Inizio a credere che la colpa sia mia, che non avrei mai dovuto affidarle la regia fotografica, visti i precedenti…

Ma veniamo a noi.

Avete mai sentito parlare delle learning towers, o torrette montessoriane? Sono uno strumento legato alla didattica montessoriana: delle piccole torrette (towers, appunto) che permettano ai più piccoli di raggiungere il piano della cucina o di altre stanze, osservando da vicino cosa si sta facendo e, di conseguenza, imparando. Ne ho viste parecchie negli ultimi tempi e ho pensato che per Lorenzo, curioso come è, sarebbe potuta essere un’ottima idea.

Mi son messa a cercare… marche e modelli ce ne son tantissimi, tutti diversi, con in comune una cosa sola: il prezzo!
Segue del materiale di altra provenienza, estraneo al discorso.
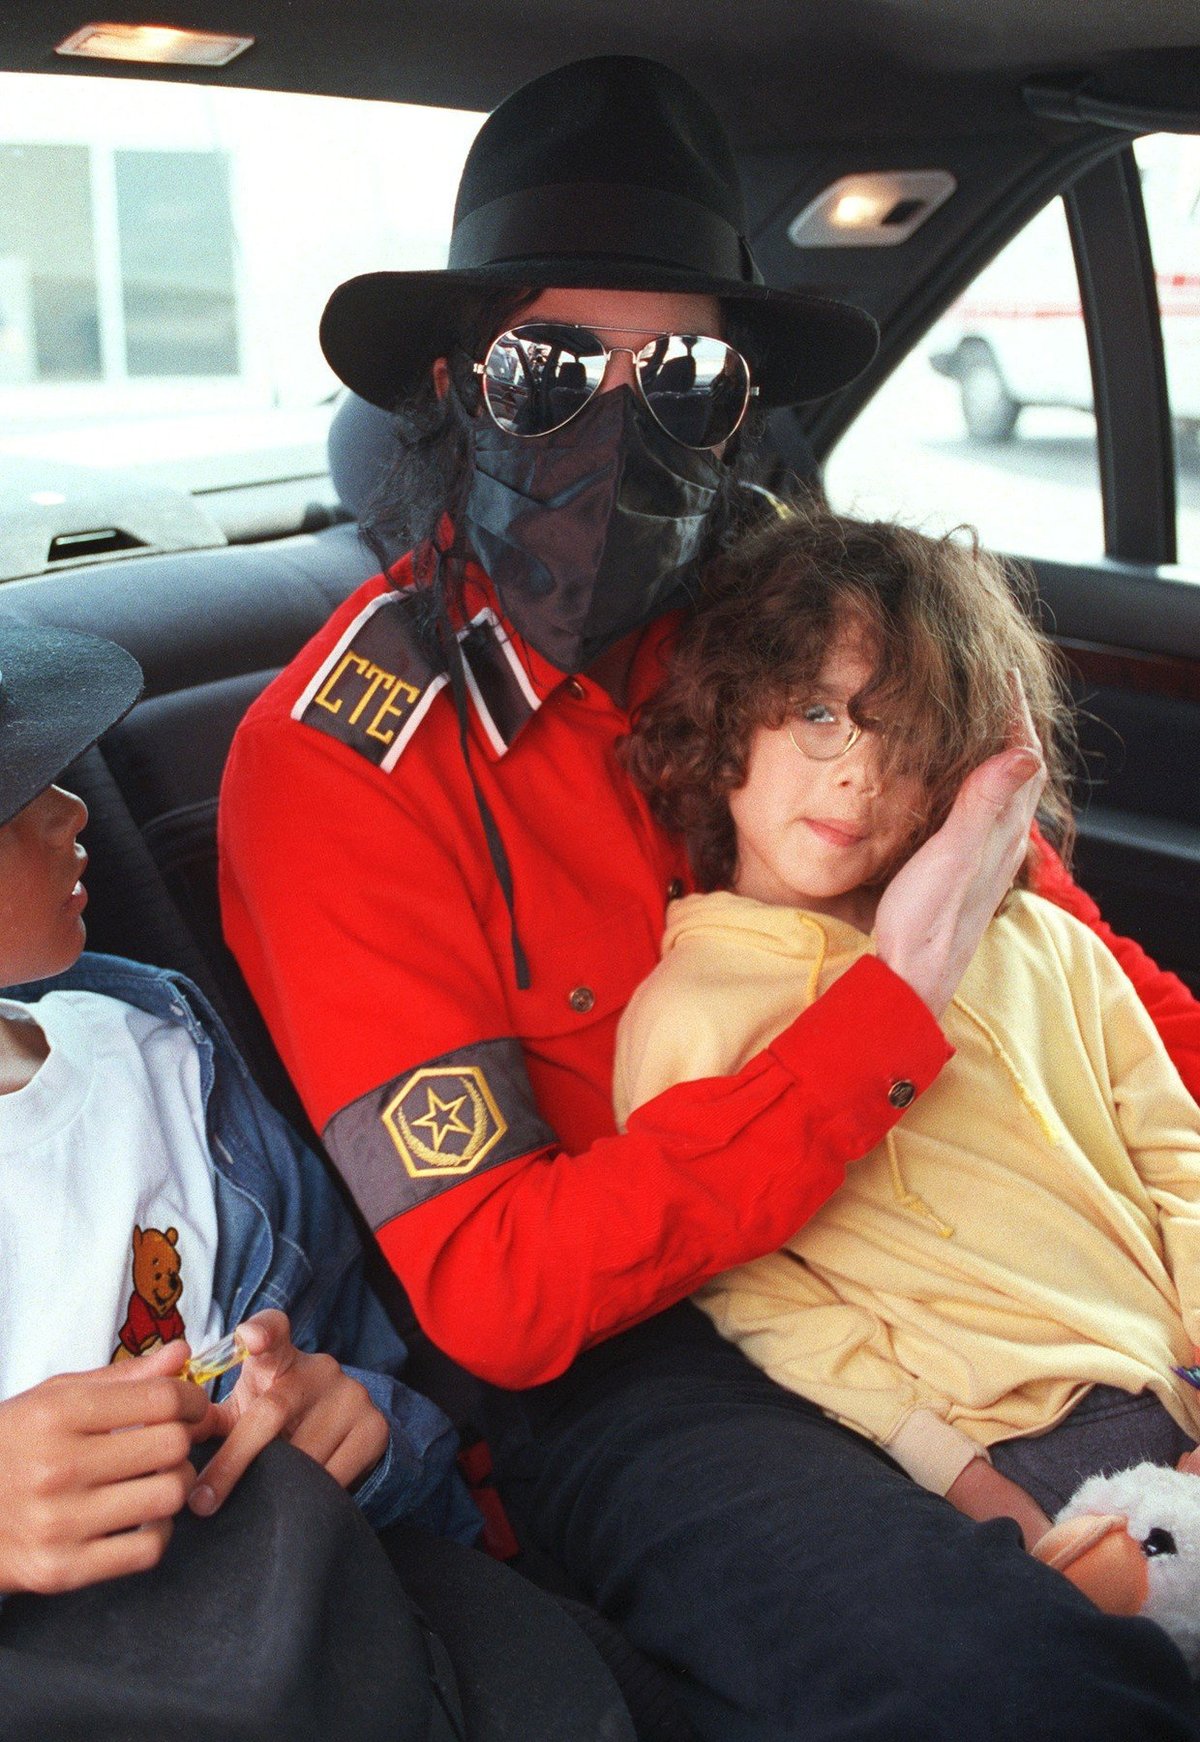 Rouška na obličeji, chlapec na klíně, typický obrázek poloviny 90. let.

Capisco benissimo che la struttura debba essere fatta di materiali ottimi e che debba rispettare molte norme di sicurezza, ma d’altro canto, lo sappiamo bene: se non è un colpo di fulmine immediato, si rischia di aver speso tanti soldi per un oggetto che nostro figlio non userà mai.

Tenendo conto di queste due spinte – sicurezza da un lato, facilità magari di riutilizzo, dall’altro –  ho cominciato a guardare i vari tutorial per realizzare da me una learning tower, ma tutto quel tagliare e trapanare partendo da zero mi spaventava forse più della spesa di una torretta già pronta.

Stavo per cedere… quando mia sorella si è imbattuta in questo tutorial.
Ne avevo visti altri che mixavano componenti IKEA ad altri fatti da zero: questo è l’unico tutorial che abbiamo trovato che non utilizza niente di extra! Sembrava la risposta a tutte le mie necessità: da un lato, gli oggetti venduti dall’IKEA sono testati in mille modi e sono piuttosto sicuri – anche perché l’uso che ne ho fatto, come vedrete, non ne ha stravolto la natura… si tratta più di una fusione! – e dall’altro, sono innegabilmente meno costosi delle alternative in commercio.

Ho quindi pensato di mettere online qualche foto, anche se – lo sapete! – non sono una grande bricoleuse… però l’idea può tornare utile ad altre!
Il tutorial era già molto completo, vi lascio con le mie foto del work in progress con le istruzioni, sperando che possano fare comodo anche a voi!

Inutile dirlo: Lorenzo ne va matto!

Occorrente:

  • Uno sgabello BEKVÄM
  • Uno sgabello ODDVAR
  • Viti per legno (io ho preferito usare viti più lunghe di quelle in dotazione con gli sgabelli, ma non è essenziale)
  • Protezione antiscivolo PATRULL (opzionale: per ora non l’ho ancora usata)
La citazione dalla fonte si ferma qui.